Smurf attack: combination of DDoS and IP spoofing. The attacker sniffs an authorized user’s IP address and floods it with packets.

How to protect? Always use encryption. Firewall configuration.

DoS: A network attack that targets a network or server and floods it with network traffic.

DDoS: A type of denial or service attack that uses multiple devices or servers in different locations to flood the target network with unwanted traffic.

SYN flood attack: A type of DoS attack that simulates a TCP/IP connection and floods a server with SYN packets.

Activity Three steps of the TCP handshake:

The [SYN] packet is the initial request from an employee visitor trying to connect to a web page hosted on the web server. SYN stands for “synchronize.”
The [SYN, ACK] packet is the web server’s response to the visitor’s request agreeing to the connection. The server will reserve system resources for the final step of the handshake. SYN, ACK stands for “synchronize acknowledge.”
The [ACK] packet is the visitor’s machine acknowledging the permission to connect. This is the final step required to make a successful TCP connection. ACK stands for “acknowledge.”

Module 4 - Introduction to security hardening

Network hardening

Port filtering / firewall
Network subnets / segmentation
Encryption

Most firewalls are similar in their basic functions. Firewalls allow or block traffic based on a set of rules. As data packets enter a network, the packet header is inspected and allowed or denied based on its port number. NGFWs are also able to inspect packet payloads. Each system should have its own firewall, regardless of the network firewall.

An intrusion detection system (IDS) is an application that monitors system activity and alerts on possible intrusions. An IDS alerts administrators based on the signature of malicious traffic.

An intrusion prevention system (IPS) is an application that monitors system activity for intrusive activity and takes action to stop the activity. It offers even more protection than an IDS because it actively stops anomalies when they are detected, unlike the IDS that simply reports the anomaly to a network administrator.

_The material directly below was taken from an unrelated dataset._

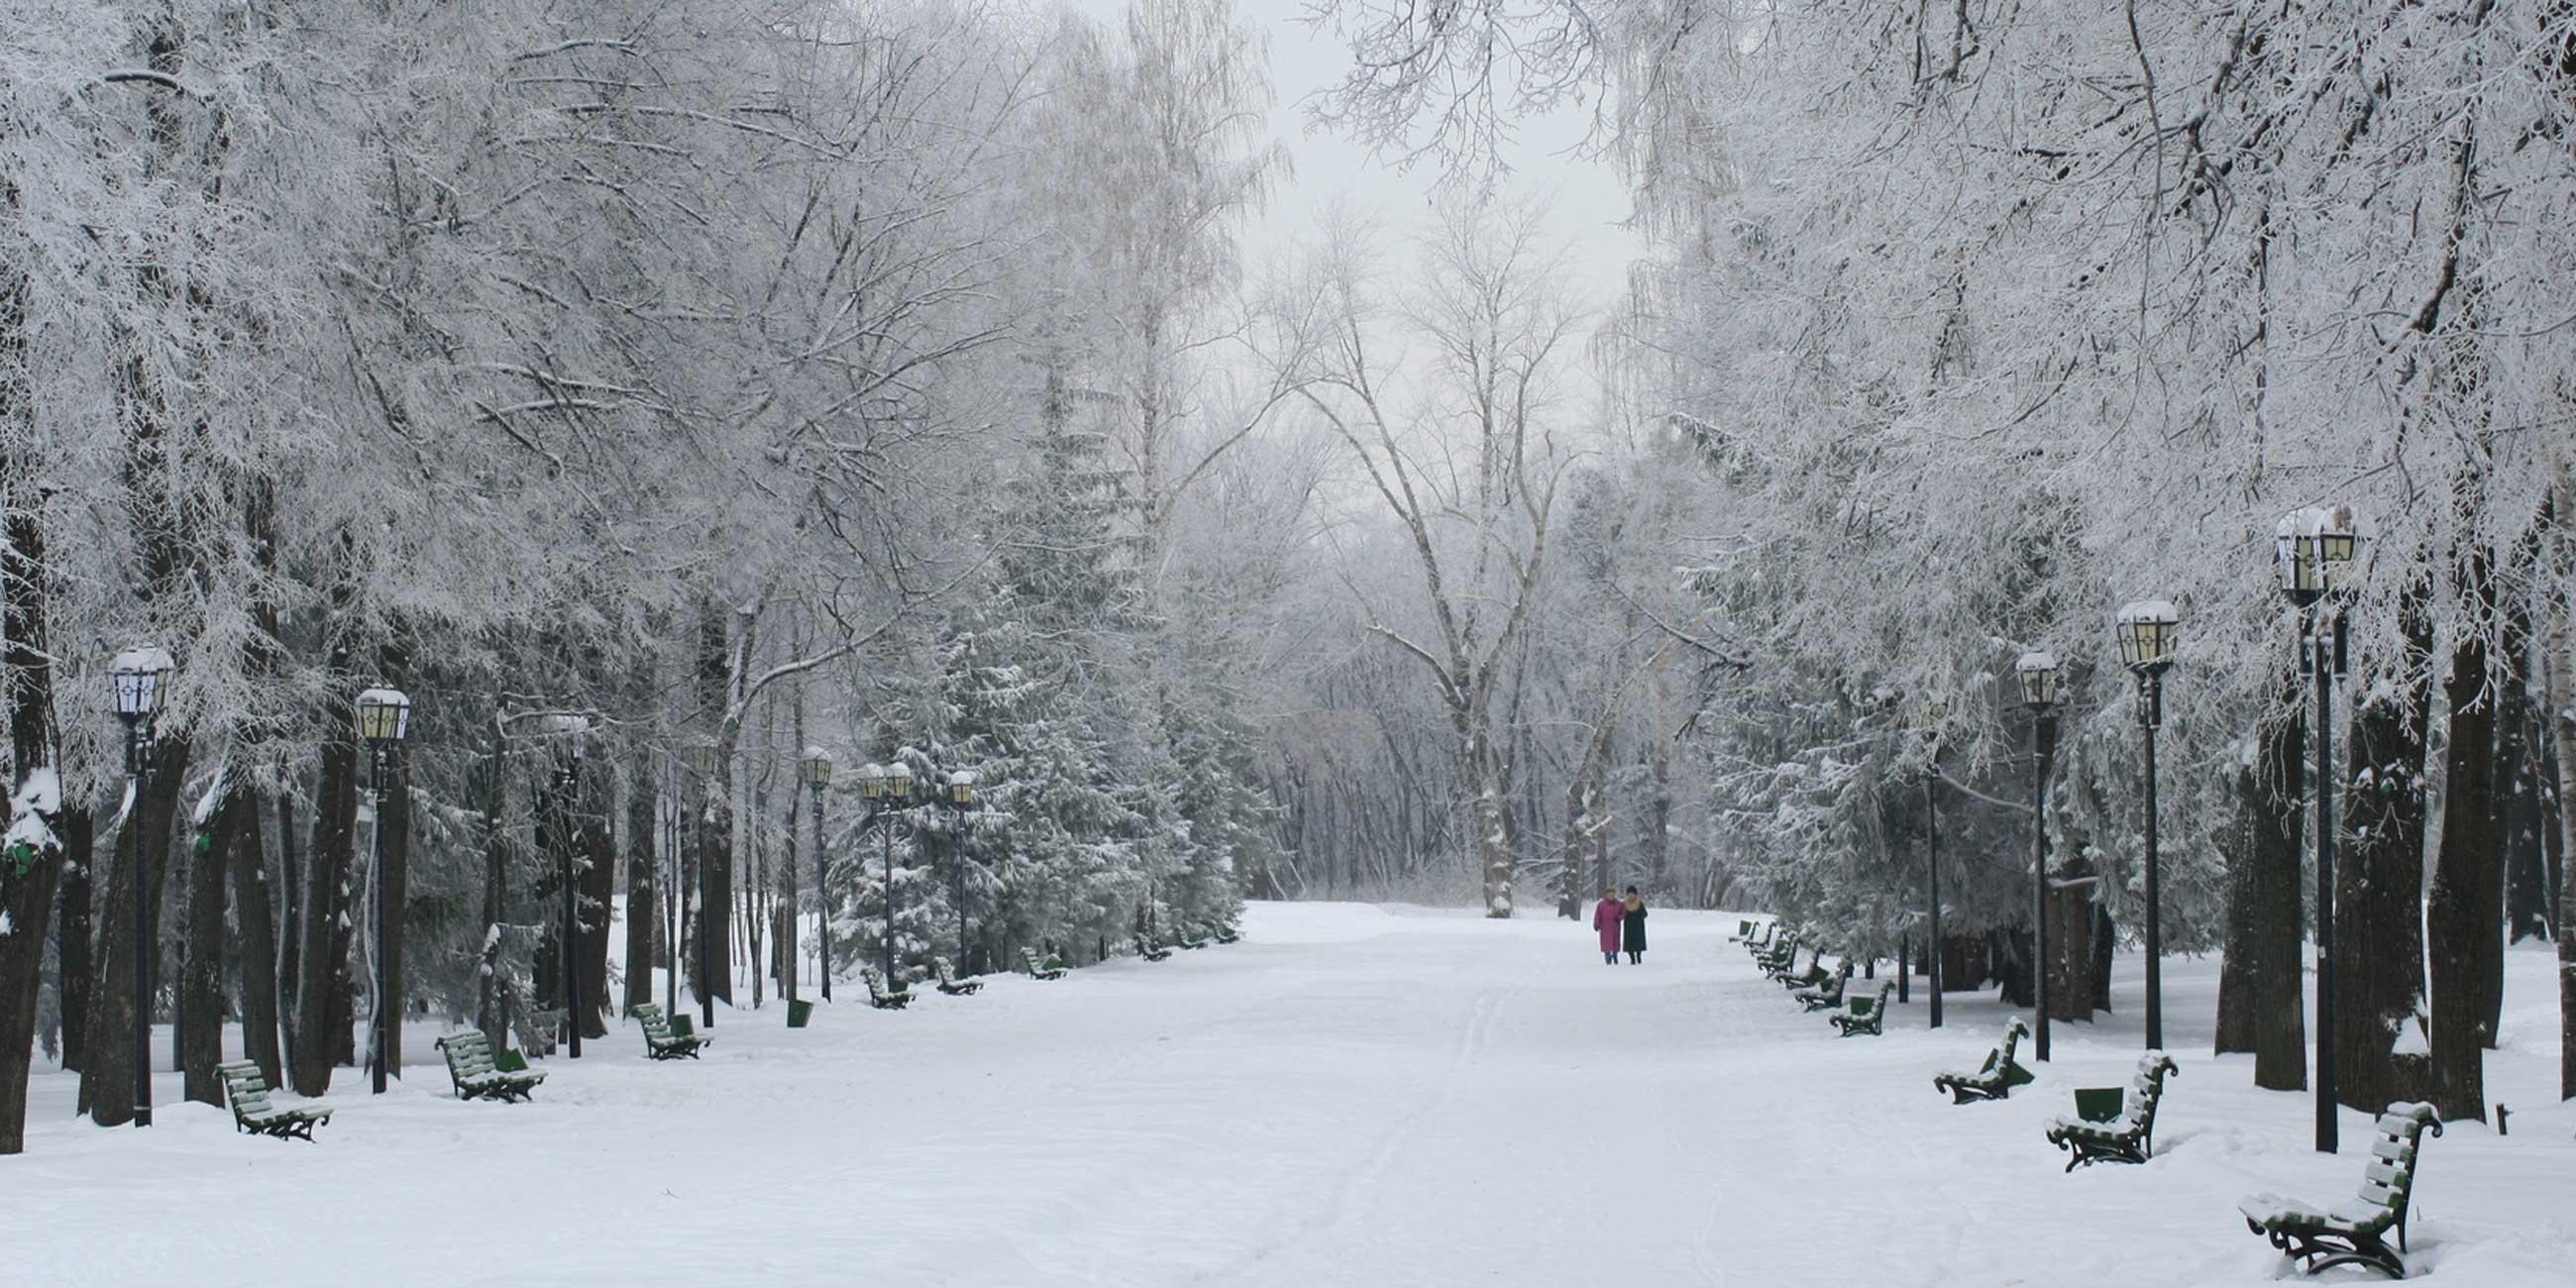 Зимой заснеженный парк имени Горького особенно красивФото: Эльвира Максимова, lori.ru

A security information and event management system (SIEM) is an application that collects and analyzes log data to monitor critical activities in an organization. SIEM tools work in real time to report suspicious activity in a centralized dashboard. SIEM tools additionally analyze network log data sourced from IDSs, IPSs, firewalls, VPNs, proxies, and DNS logs. SIEM tools are a way to aggregate security event data so that it all appears in one place for security analysts to analyze. This is referred to as a single pane of glass.